# Fourier Series - proving function is continuous

1. Jun 16, 2010

### ramdayal9

1. The problem statement, all variables and given/known data
Let f be an integrable, periodic function whose Fourier coefficients satisfy $\sum_{-\infty}^{\infty} n^6 |\hat{f}(n)|^2 < \infty$. Prove that f is continuous.

2. Relevant equations

Looking at my notes, the only relevent things i have for this question (i think) are Bessel's inequality (but that requires f to be continuous....), the Riemann-Lebesgue Theorem, Parseval's equality and also the decay and regularity of fourier series. The statement that the uniform limit of a sequence of continuous functions is continuous, maybe I can use this?

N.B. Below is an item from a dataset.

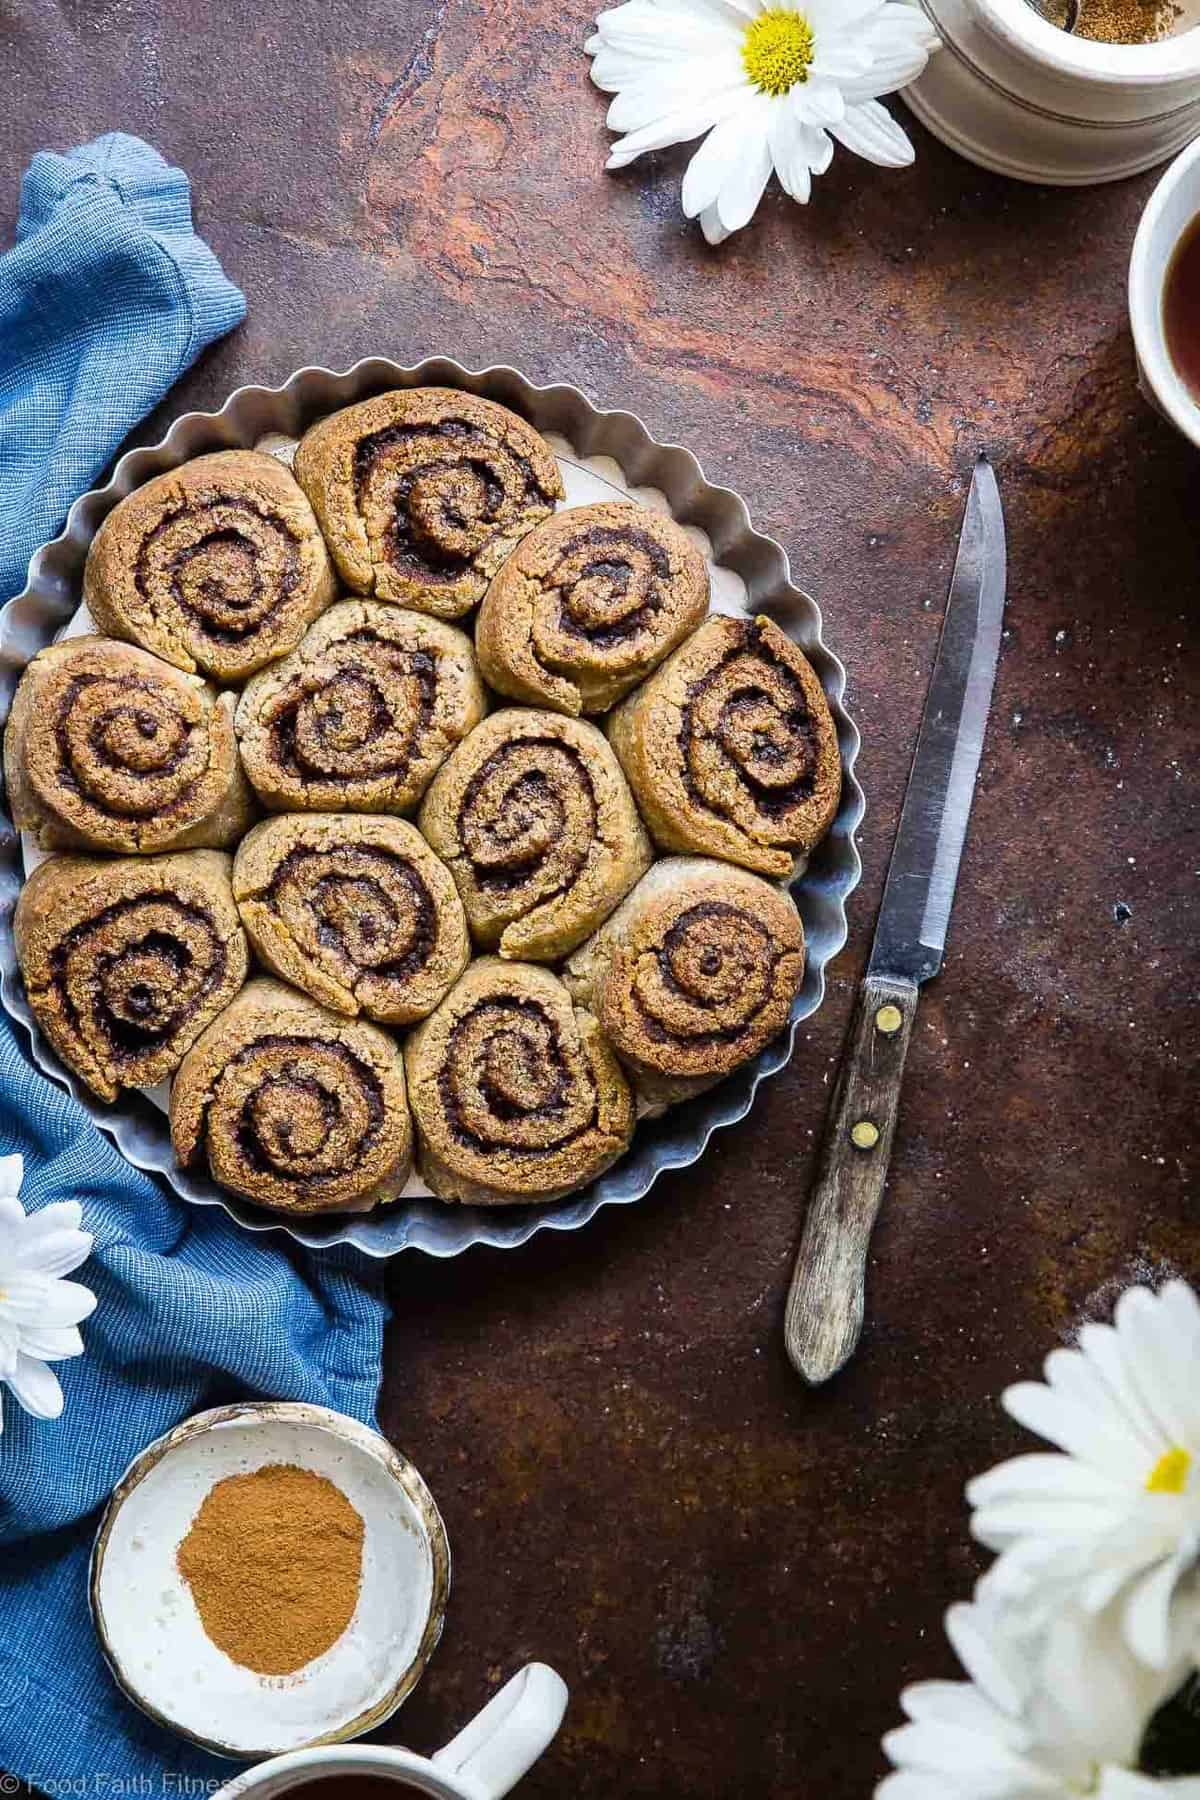 The Best Almond Flour Paleo Cinnamon Rolls - These gluten free cinnamon rolls are a simple, wholesome remake of the classic baked good that you can't even tell is healthy, and gluten/dairy free! SO soft, fluffy and YUMMY! | #Foodfaithfitness | #Paleo #Glutenfree #Healthy #Dairyfree #Cinnamonrolls

3. The attempt at a solution

I thought this question would be simple, but I'm finding that its not. I have tried 2 methods:
1) $\sum_{-\infty}^{\infty} n^6 |\hat{f}(n)|^2 < \infty$ implies $n^6 |\hat{f}(n)|^2 \rightarrow 0$ hence $|\hat{f}(n)| \rightarrow 0$. I need to show that f is continuous i.e. the converse of the Riemann Lebesgue Lemma. How would I proceed from here?
2) using L^2 convergence theorem (parseval's), $\sum_{-\infty}^{\infty} |c_n|^2 \< \infty$ hence there exists function g such that $\hat{g}(n)=c_n=n^3 |\hat{f}(n)|$. Is this the route I should proceed?

The hypothesis also states that f is integrable, but i dont know how to use this here! Im also thinking of the M test, but dont know if I can apply it to a sum like this... Any help will be appreciated!